From the outset Europeana was conceived as more than just a huge data repository fronted by a portal application. It was hoped that cultural heritage communities were ready to think outside the traditional information silos and adopt a linked data paradigm that would enable the development of shared semantic context. Linked Data is a data publishing technique that uses common web technologies to connect related data and make them accessible on the Web. Linked Open Data implies that reuse restrictions have been removed from the metadata. Moving to such a model may mean that in future the portal is seen as the reference application of Europeana but that its main function is that of a rich data service that allows third parties to take the data freely and re- use it to create new knowledge and applications.
This is an ambitious goal, requiring a change of perspective on the part of the guardians of cultural heritage resources: “This mentality shift is a big leap, since it requires cultural heritage institutions to think, not primarily within the boundaries of their particular collections, but in terms of what these collections might add to a bigger, complex and distributed information continuum coupled with various contextual resources.”[Concordia] Every aspect of this ambition offers major challenges: technical, legal, policy level, linguistic, financial, etc. All this has meant that a fully linked open data position could only be achieved in an iterative fashion and by keeping providers involved at all times.
As a technical starting point, Europeana carried out a linked open data pilot project. The remainder of this paper gives an outline of the processes of the pilot project and areas for future work.
From Local Data Standards to the Europeana Semantic Element Set
The shift required to get from individual data silos with curated data to the distributed information continuum enabled by linked open data was not going to be accomplished in one giant leap for mankind. Providers use many different metadata formats ranging from well- known, sophisticated, internationally-maintained standards to home-grown formats that had evolved in one institution over time. Coming from different cultural heritage sectors, these standards also embody different views of the resources they curate: for example, event-based versus object-centric descriptions. The first step was therefore to demonstrate the possibility of interoperability between the silos and, in parallel, to start examining the many other aspects already mentioned. Not the least of these, but not covered in this paper, was to develop trust between partners and build a community with a common understanding of the aims of the enterprise, including the key concept of “open data.”
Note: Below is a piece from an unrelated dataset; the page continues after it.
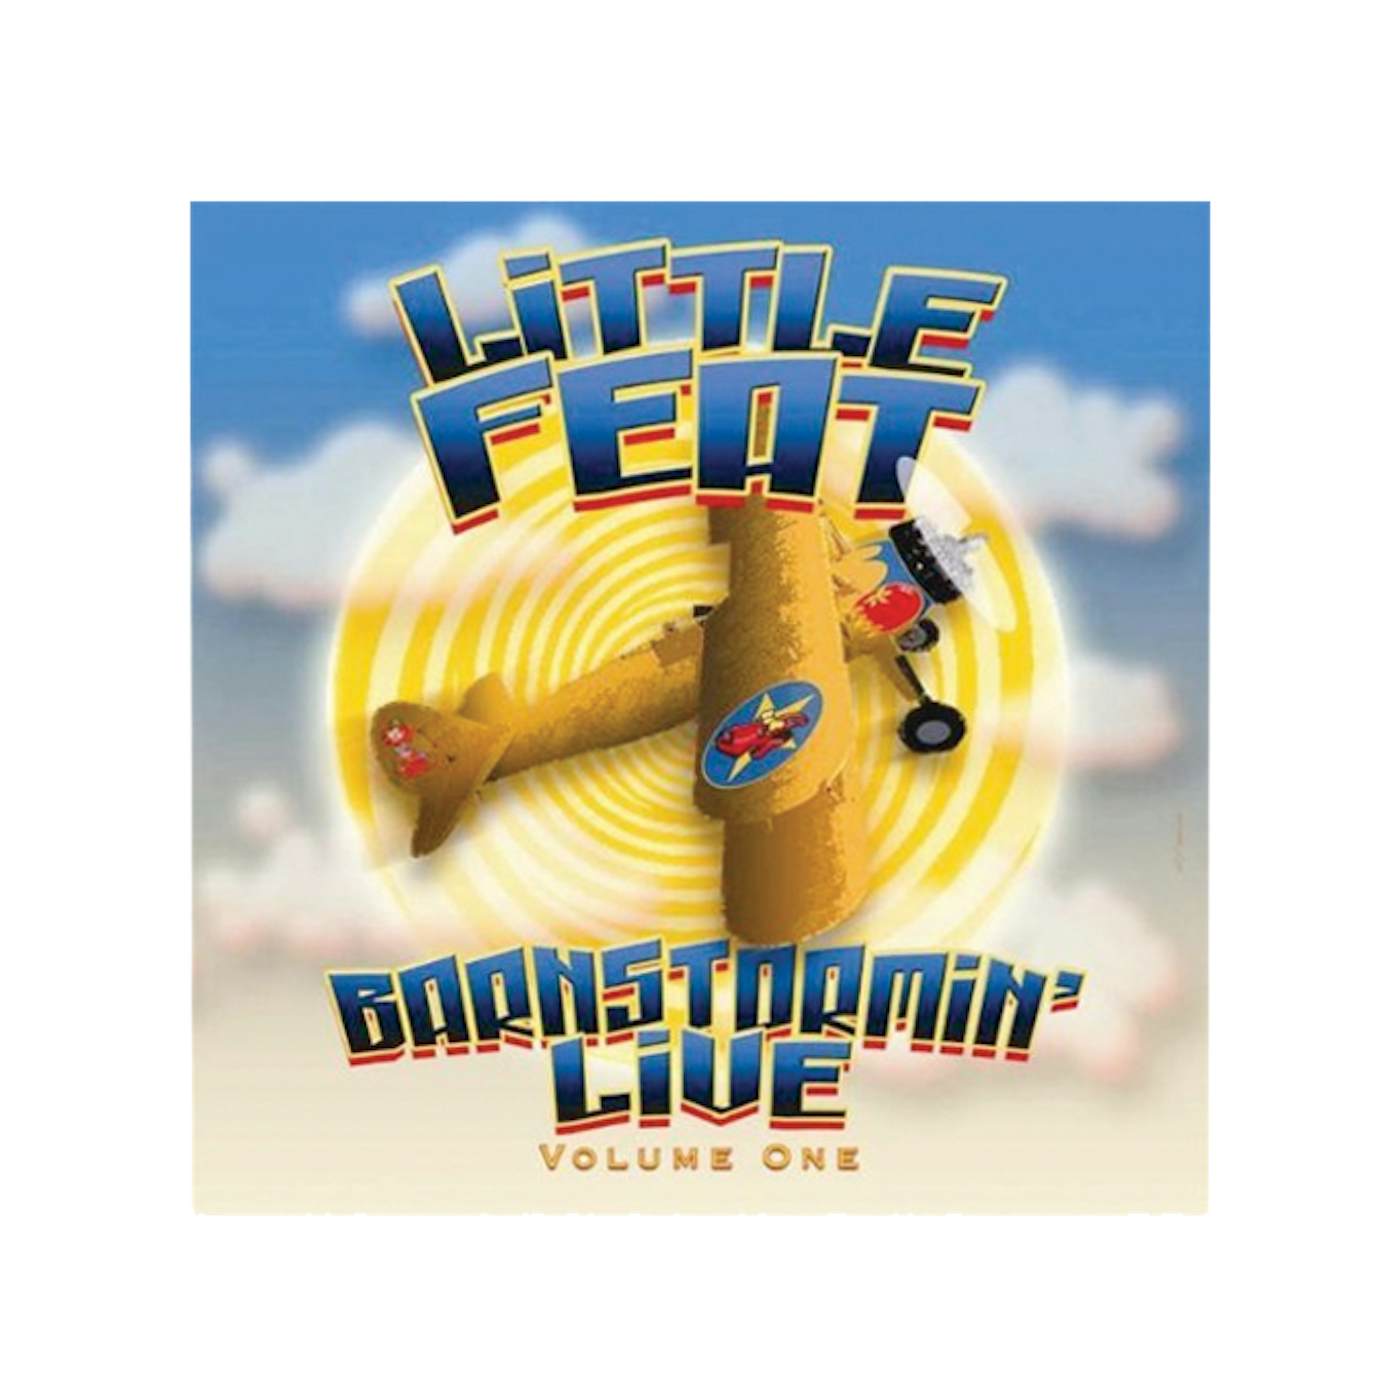 Little Feat "Barnstormin' Live Vol 1" CD

To achieve some measure of data interoperability, a common dataset was defined to which all participating providers could map a reasonably useful set of metadata. This initial metadata schema is the Europeana Semantic Elements (ESE). This is essentially a Dublin Core application profile: an element set based on a subset of the Dublin core elements with several Europeana-specific fields added to support specific portal functionality. The documentation giving information on ESE can be found in the “Technical requirements” section of the Europeana website. This schema is the current metadata format used in the European production system.
As a basic solution to Europeana interoperability problems, ESE suffers from many issues. First, it is a “flat” model that aggregates in one and the same record metadata fields that can apply to different entities. This breaks the “one-to-one” principle and causes great confusion; for example, some providers use rights- or date-related fields to give information for the “real-world” resources they hold, while others use the same fields for data about the digital resource that represents these items. Significantly for a linked data approach, most of the data provided contains simple string values for the metadata fields. Linked data depends on resources being identified with (HTTP) Uniform Resource Identifiers (URIs) in order to create the links. Simple string values prevent properly linking an item ingested by Europeana to other objects (e.g., a series of portraits), or to contextual entities as represented by complex resources, e.g., a creator with many name variations, or a broader concept that is part of an online thesaurus, all of which could help improving access to Europeana items.
From ESE to the Europeana Data Model (EDM)
The RDF-based Europeana Data Model (EDM) was developed by the Europeana community as an alternative to the ESE schema and aimed at solving the shortcomings mentioned. The development process took full account of Europeana’s firm belief in the benefits of Semantic Web and Linked Data technology for the culture sector, which have been articulated in the reports of the W3C Library Linked Data Incubator Group. It is a more flexible and precise model than ESE which offers the opportunity to attach every statement to the specific resource it applies to and also reflects some basic form of data provenance.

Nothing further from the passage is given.